DALLA metà circa alla fine del II secolo dell’era volgare sorsero uomini di chiesa che oggi sono chiamati Apologisti. Essi scrissero per difendere il cristianesimo del loro tempo dalle filosofie ostili del mondo romano contemporaneo. La loro attività iniziò grosso modo con la fine di quella dei Padri Apostolici e fece seguito ad essa.
Fra gli Apologisti che scrissero in greco ci furono Giustino Martire, Taziano, Atenagora, Teofilo e Clemente Alessandrino. Tertulliano fu un apologista che scrisse in latino. Insegnavano essi la Trinità in cui oggi crede la cristianità, e cioè un Dio in tre Persone coeguali (Padre, Figlio e Spirito Santo), ciascuna della quali è vero Dio, senza che per questo ci siano tre Dèi ma un solo Dio?
“Il Figlio è subordinato”
Nel suo libro A Short History of the Early Church, H. R. Boer dice quanto segue dell’insegnamento degli Apologisti:
“Giustino [Martire] insegnava che prima della creazione del mondo Dio era solo e che non c’era un Figlio. . . . Quando Dio decise di creare il mondo, . . . generò un altro essere divino che creasse il mondo per lui. Questo essere divino fu chiamato . . . Figlio perché era stato generato; fu chiamato Logos perché era stato tratto dalla Ragione o Mente di Dio. . . .

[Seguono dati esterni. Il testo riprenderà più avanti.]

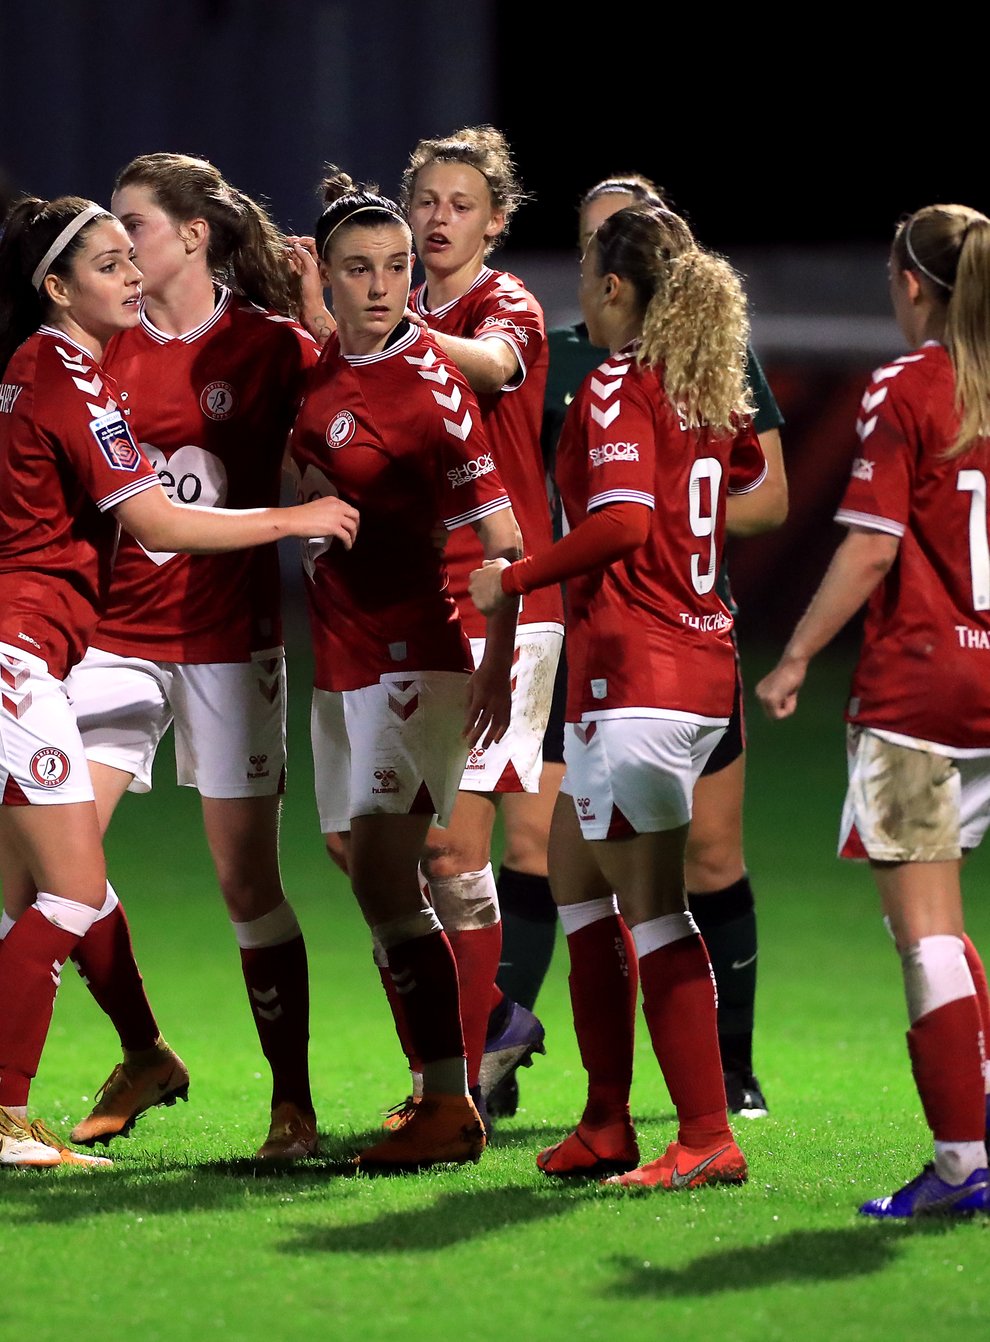 Bristol City are still winless in the Women’s Super League so far this season

“Giustino e gli altri Apologisti insegnavano perciò che il Figlio è una creatura. È una creatura d’alto rango, una creatura abbastanza potente da creare il mondo, ma pur sempre una creatura. Nella teologia questa relazione del Figlio col Padre è chiamata subordinazionismo. Il Figlio è subordinato, cioè viene dopo il Padre, dipende da lui e a lui deve la sua esistenza. Gli Apologisti erano subordinazionisti”.1
Su come veniva inizialmente concepita la relazione tra il Figlio e Dio, nel libro The Formation of Christian Dogma Martin Werner dice:
“Questa relazione venne inequivocabilmente intesa come ‘subordinazione’, nel senso di subordinazione di Cristo a Dio. Tutte le volte che il Nuovo Testamento parla della relazione di Gesù con Dio, il Padre, . . . essa viene concepita e descritta categoricamente come subordinazione. E il più autorevole Subordinazionista del Nuovo Testamento, secondo i Sinottici, fu Gesù stesso . . . Questa posizione originale, così solida ed evidente, continuò ad essere riconosciuta per lungo tempo. ‘Tutti i grandi teologi preniceni sostennero la subordinazione del Logos a Dio’”.2
In armonia con ciò, nel libro The Search for the Christian Doctrine of God, R. P. C. Hanson afferma:
“Prima dello scoppio della controversia ariana [nel IV secolo] non c’è teologo nella Chiesa d’Oriente o d’Occidente che in qualche modo non consideri il Figlio subordinato al Padre”.3
Alvan Lamson, in The Church of the First Three Centuries, aggiunge questa testimonianza in merito all’insegnamento delle autorità ecclesiastiche prima del Concilio di Nicea (325 E.V.):
“L’inferiorità del Figlio fu generalmente, se non uniformemente, ribadita dai Padri preniceni . . . Che considerassero il Figlio distinto dal Padre è evidente dal fatto che ne ribadiscono chiaramente l’inferiorità. . . . Lo consideravano distinto e subordinato”.4
Similmente, nel libro Gods and the One God, Robert M. Grant dice degli Apologisti:
“La cristologia delle apologie, come quella neotestamentaria, è essenzialmente subordinazionista. Il Figlio è sempre subordinato al Padre, il quale è l’unico Dio dell’Antico Testamento. . . . Ciò che troviamo in questi antichi autori, quindi, non è una dottrina trinitaria . . . Prima di Nicea, la teologia cristiana era quasi universalmente subordinazionista”.5
Secondo la dottrina trinitaria della cristianità, il Figlio è uguale a Dio Padre in eternità, potenza, posizione e sapienza. Ma gli Apologisti dicevano che il Figlio non è uguale a Dio Padre. Consideravano il Figlio subordinato. Questo non è ciò che insegna la dottrina della Trinità.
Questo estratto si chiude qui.